Data section
BEGIN

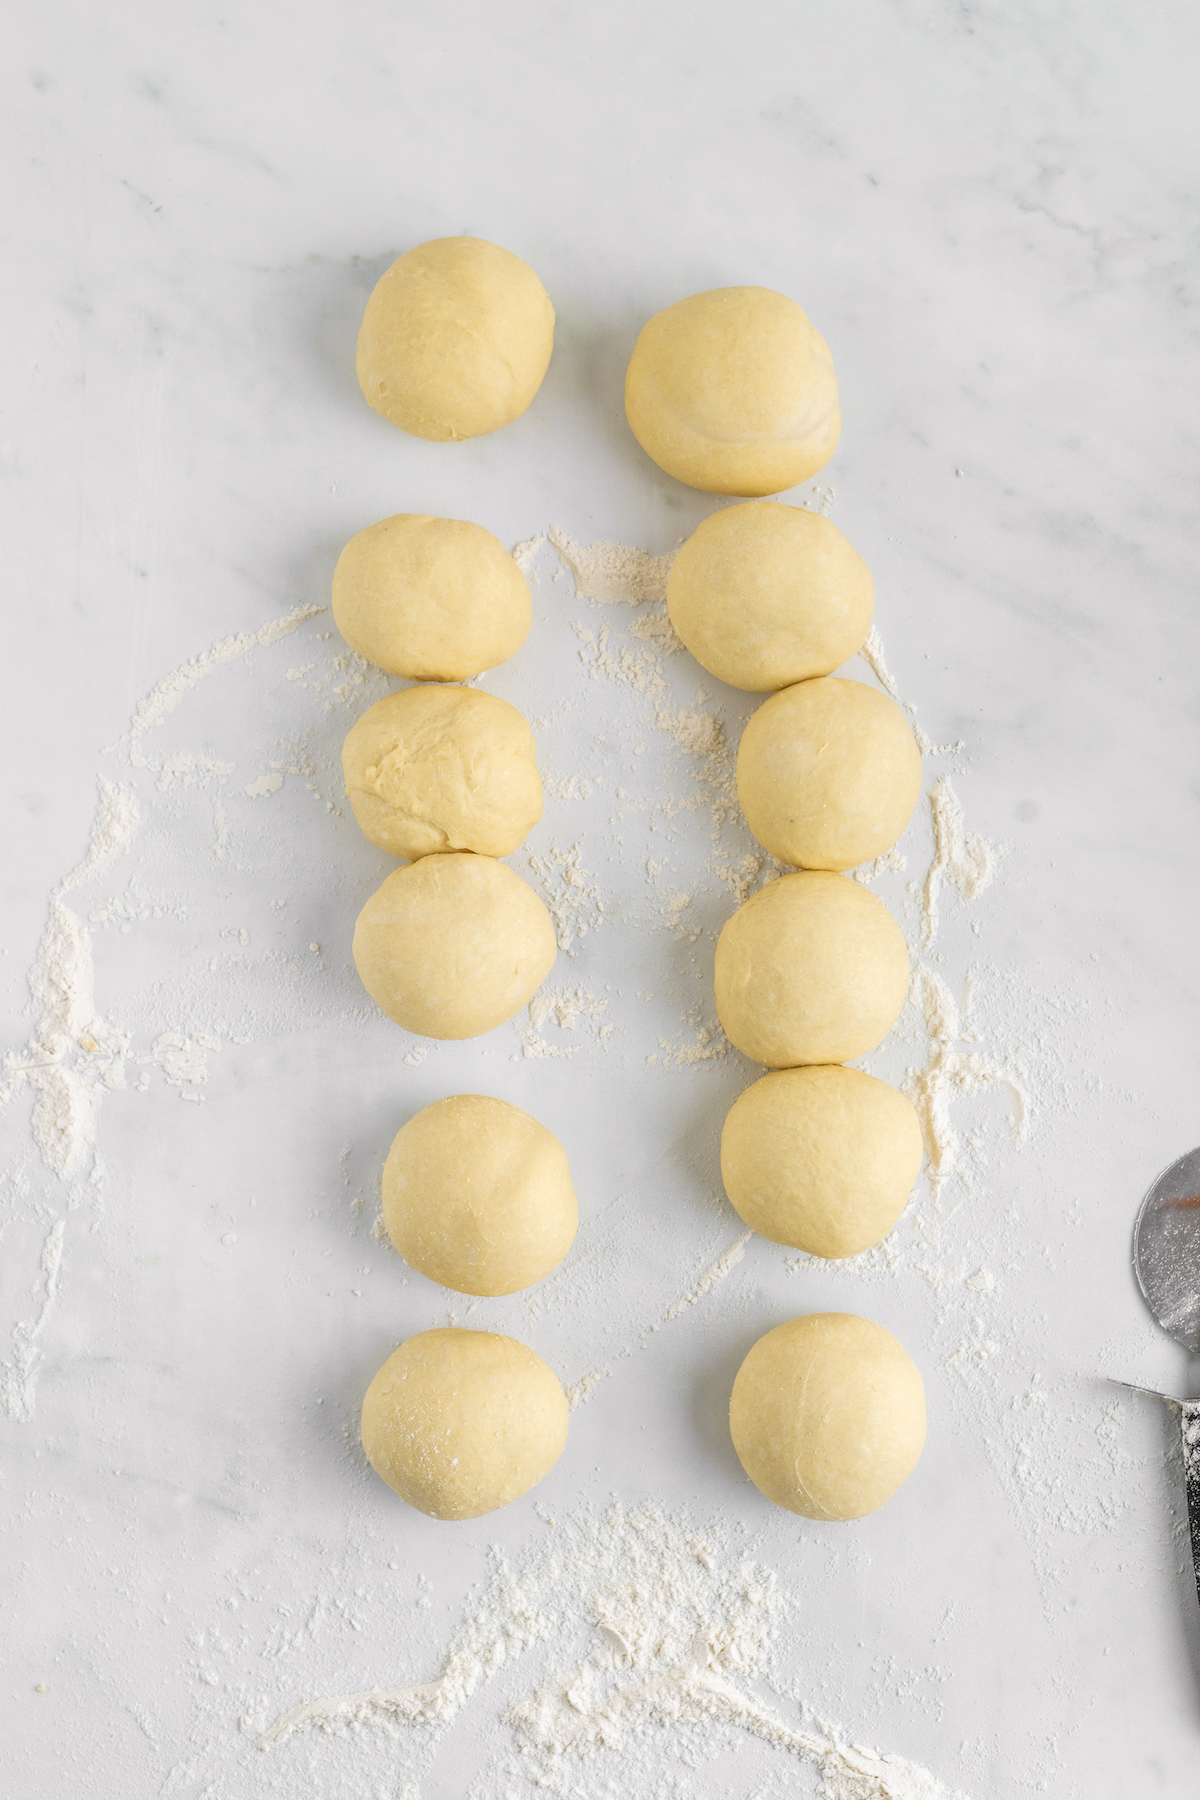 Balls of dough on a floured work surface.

END
BEGIN

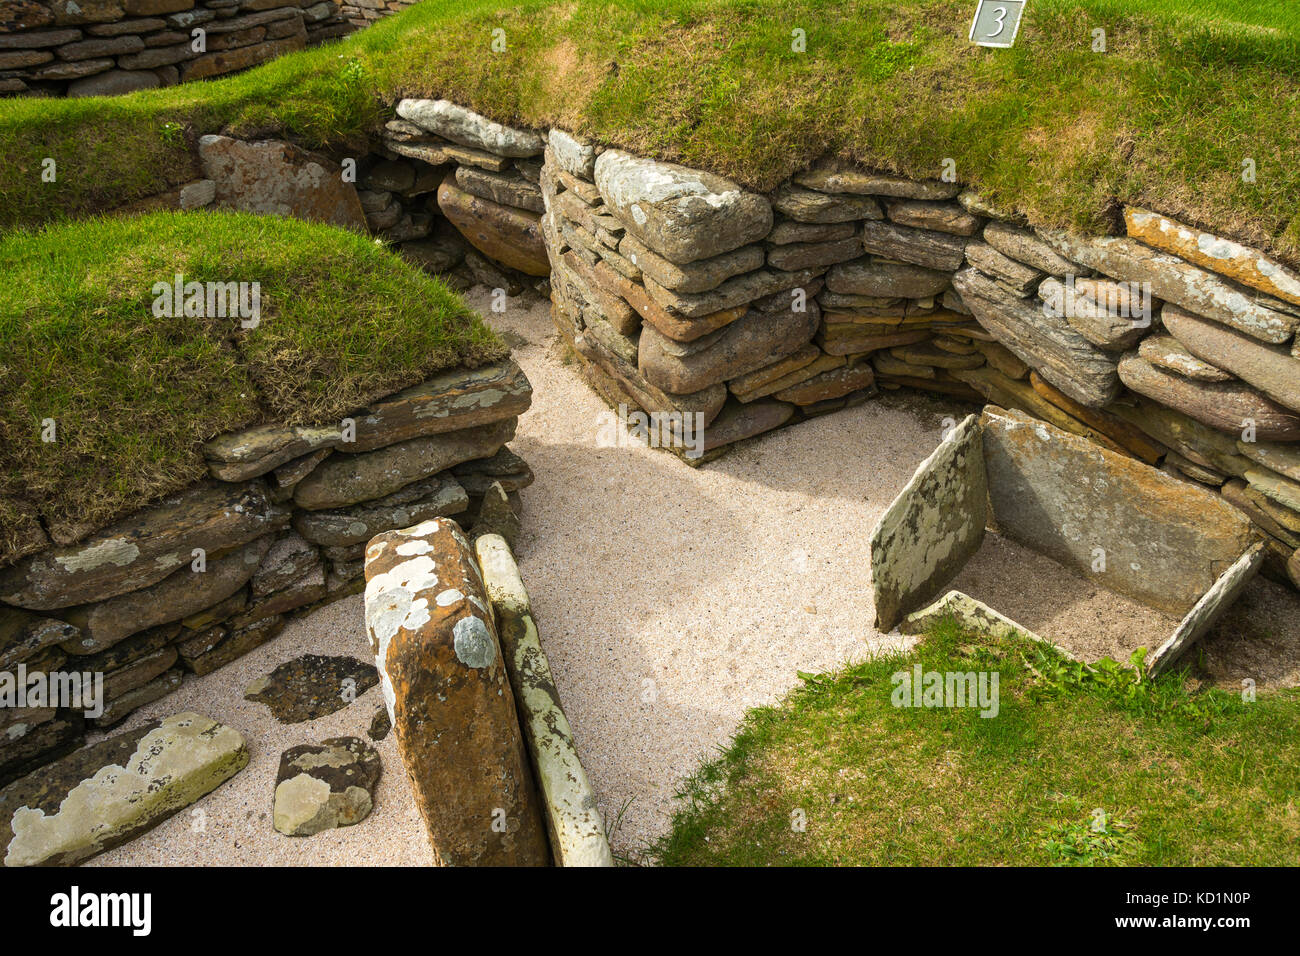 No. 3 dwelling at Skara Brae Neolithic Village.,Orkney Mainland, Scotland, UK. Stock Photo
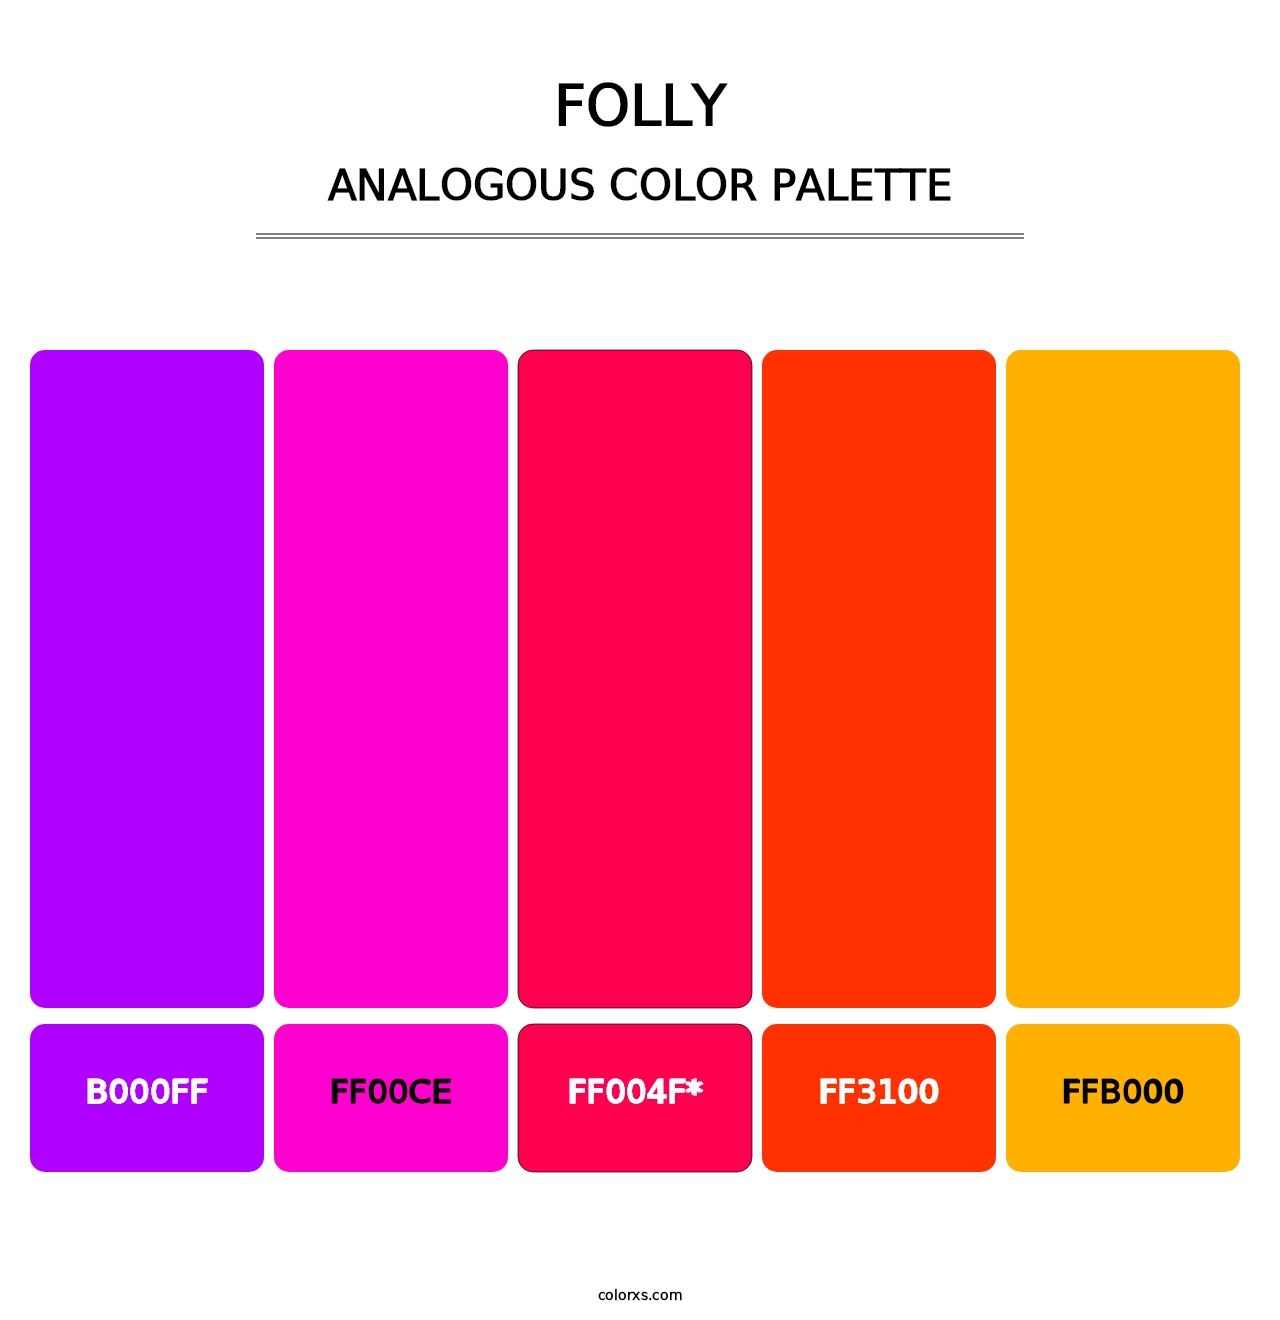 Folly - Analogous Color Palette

END

Problem statement
Write out, word for word, the stretch of entries that begins at the line with "No. 3 dwelling" and ends at the line with "Folly - Analogous Color Palette". Pictures do not belong in it.

Output for this exercise
 No. 3 dwelling at Skara Brae Neolithic Village.,Orkney Mainland, Scotland, UK. Stock Photo
 Folly - Analogous Color Palette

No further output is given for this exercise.